Thursday 31 December 2009

The Boy Who Turned Into A Man



A pleasantly warm, bright day in May. Just after his ninth birthday. The boy and his six-year-old sister climbed out of his aunt's car and crossed the road with her to the park. They walked up the grassed slope to the playground, where brightly-painted swings, slides and roundabouts beckoned. The boy loved playgrounds, and should have been excited at the prospect of a couple of hours playing in the warm sunshine. Not today. Both children walked in pace with their aunt, neither wanting to run ahead as usual.



They reached the play area and while his aunt pushed his sister on one of the swings, the boy wandered off towards his favourite piece of apparatus, something for which he never knew the correct name: a solid, wood-clad barrel mounted horizontally in a frame, the idea of which being that you stood on the barrel, supported yourself on the frame with your arms, then "pedalled" the barrel round with your feet as fast as possible.


He climbed up on the barrel and started running, slowly at first, building up speed, his feet slapping down on the barrel, sending it spinning round in a blur as he looked down on it. He ran and ran, for what seemed like hours. And as he ran, all his efforts focussed on spinning that barrel, he could for just a short while feel like everything was fine. He could feel like a normal nine-year-old boy who was just out for a day with his auntie and who would, in a few short hours, be back with his family, and everything would be fine. Normal.


But even the pounding rhythm of his legs as they spun the barrel, even his ragged gasps as he ran as fast as he possibly could, nothing could completely take away the knot of anxiety in his stomach, the sickening sense of something dreadful coming towards him, and just like running on the barrel, no matter how fast he ran, he couldn't escape it. Because he couldn't stop the march of time, bringing towards him the event that would, even though he couldn't have thought about it then in such terms, change his life utterly.


As little as he was really enjoying the afternoon, when it came time to leave the park, he desperately wanted to stay. Just a little longer. Just another few minutes of being able to pretend that everything was still okay. But he acquiesced and climbed into his aunt's car. They drove in silence.



~*~


He knew, the moment he opened the door, that it had happened. Nothing about his grandparents' house was visually different, and the smell was just as he had always known it (furniture polish and pipe tobacco), yet something ineffable but fundamental had changed. They walked through into the lounge, where his grandparents sat in their usual places, and his mother sat on the sofa next to his grandma. She wasn't crying, but he could tell she'd only just stopped.


She took the boy and his sister in her arms and hugged them for a long time, before sitting them both down on the sofa and kneeling in front of them. She took one of their hands in each of her own. "Kids, I've got something to tell you. You're going to have to be very brave. You know that Daddy has been very poorly, don't you? Well, he's gone to Heaven now.

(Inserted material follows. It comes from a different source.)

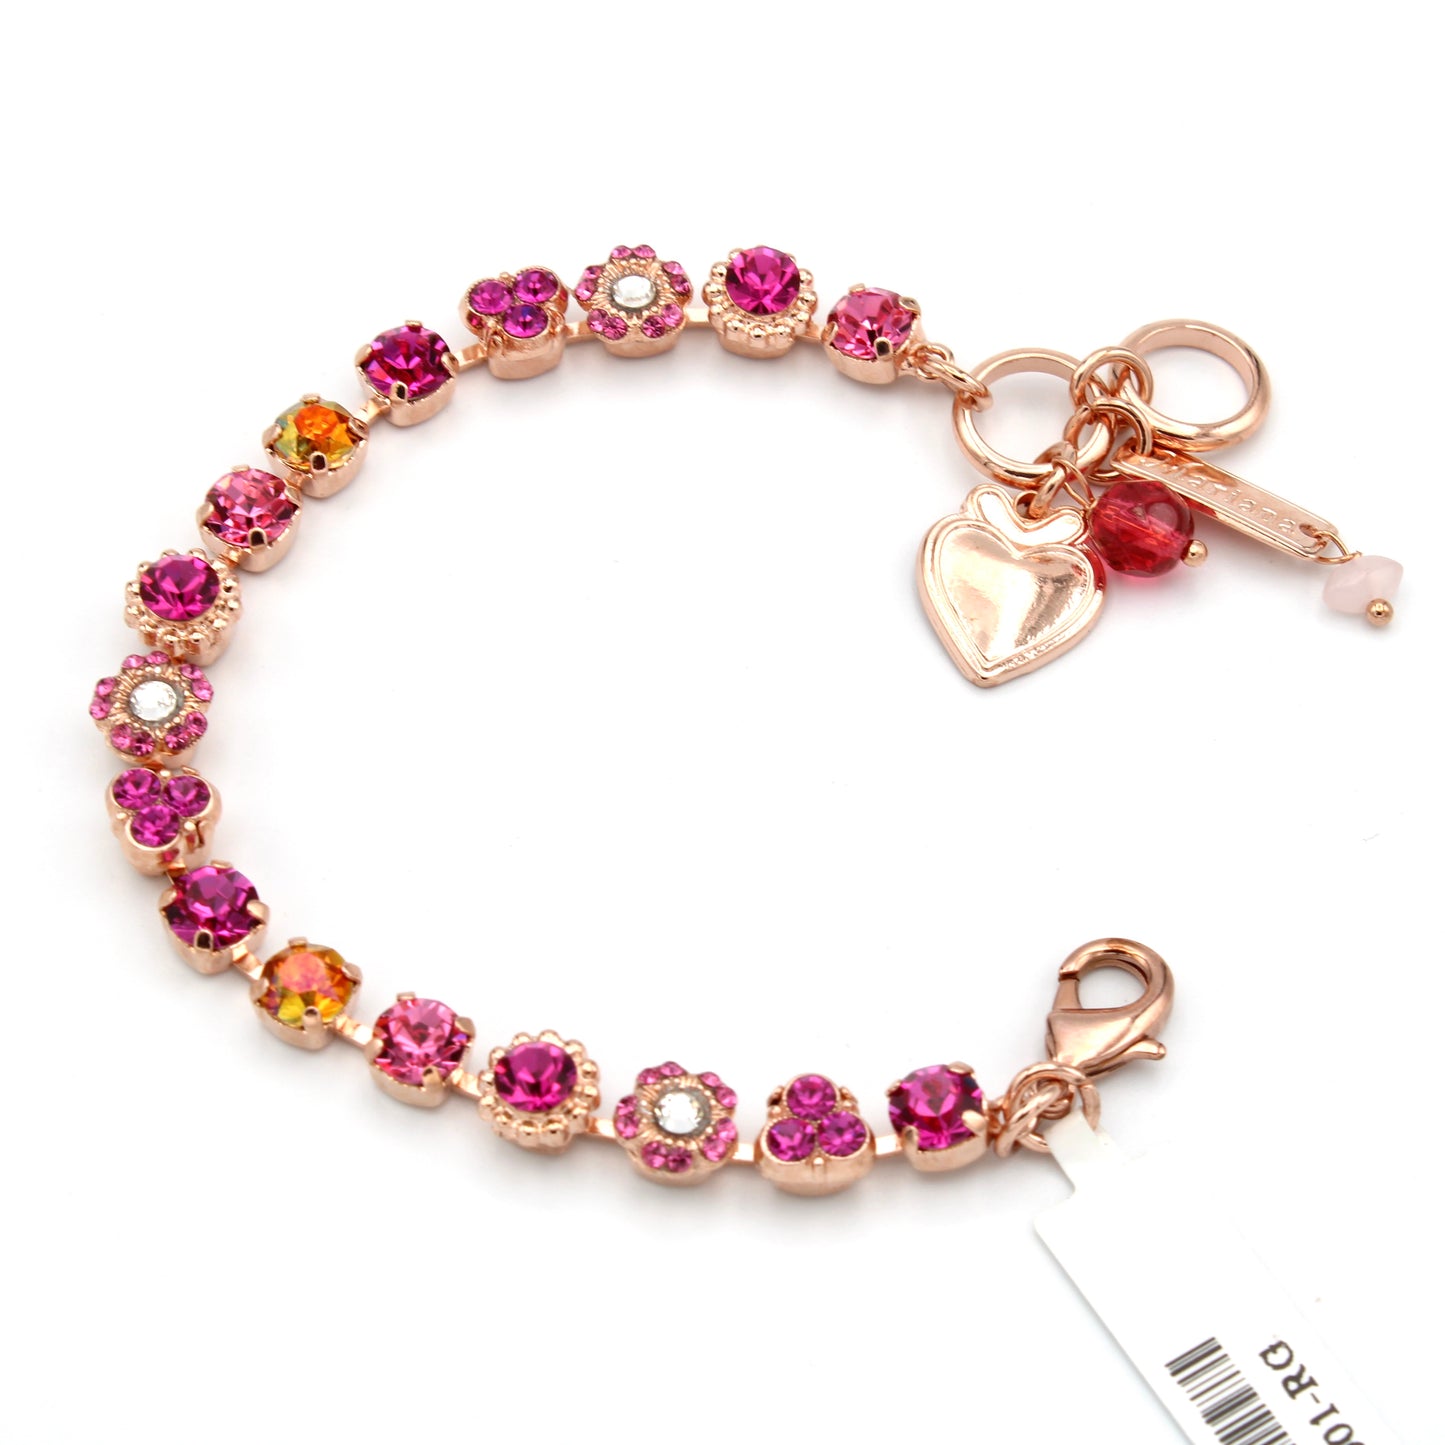 Bougainvillea Collection Petite Blossom Bracelet in Rose Gold

He was very poorly and in a lot of pain, so the angels came and took him. He's okay now, he's not poorly any more." Her voice began to waver and fresh tears welled in her red-raw eyes. She pulled the children towards her and hugged them again tightly, burying her face in their chests. The boy could feel her shaking, and started to feel the warm wetness of her tears through his shirt.


Some time afterwards, after his aunt had left, and with his sister, mum and grandma all in another room, his granddad talked to him:


"Now, you're going to have to be very brave, you know. Your mum's going to be very upset for a while, so you're going to have to help her as much as you can, okay? You're going to have to support her. You're the man of the house now."


He was nine. Nine years old and the father he worshipped had just gone from his life forever. And yet he didn't cry. He never did. Not from that day until adulthood. Because men don't cry. And he was the man of the house now. So he couldn't cry. Had to be strong. Emotions? Feelings? Strictly to be kept inside, bottled up. Hidden. "Are you okay, son?" "Yes, I'm okay." "Are you feeling sad?" "No, I'm okay." "You can always talk to me, you know, if you want to." "Yes, I know." But it never happened. Because he was a man now.


His sister was six years old. She never really knew their father. Not like he did. Was he luckier to have had three extra years with a father? Sometimes, many years later, he thought probably not. Sometimes he wished he had been three years younger and hadn't know him at all. Overwhelming guilt accompanied these thoughts, yet still they came. Because those three extra years meant, when it happened, three extra years' worth of memories, love, and having a dad, to be achingly missed when they ended.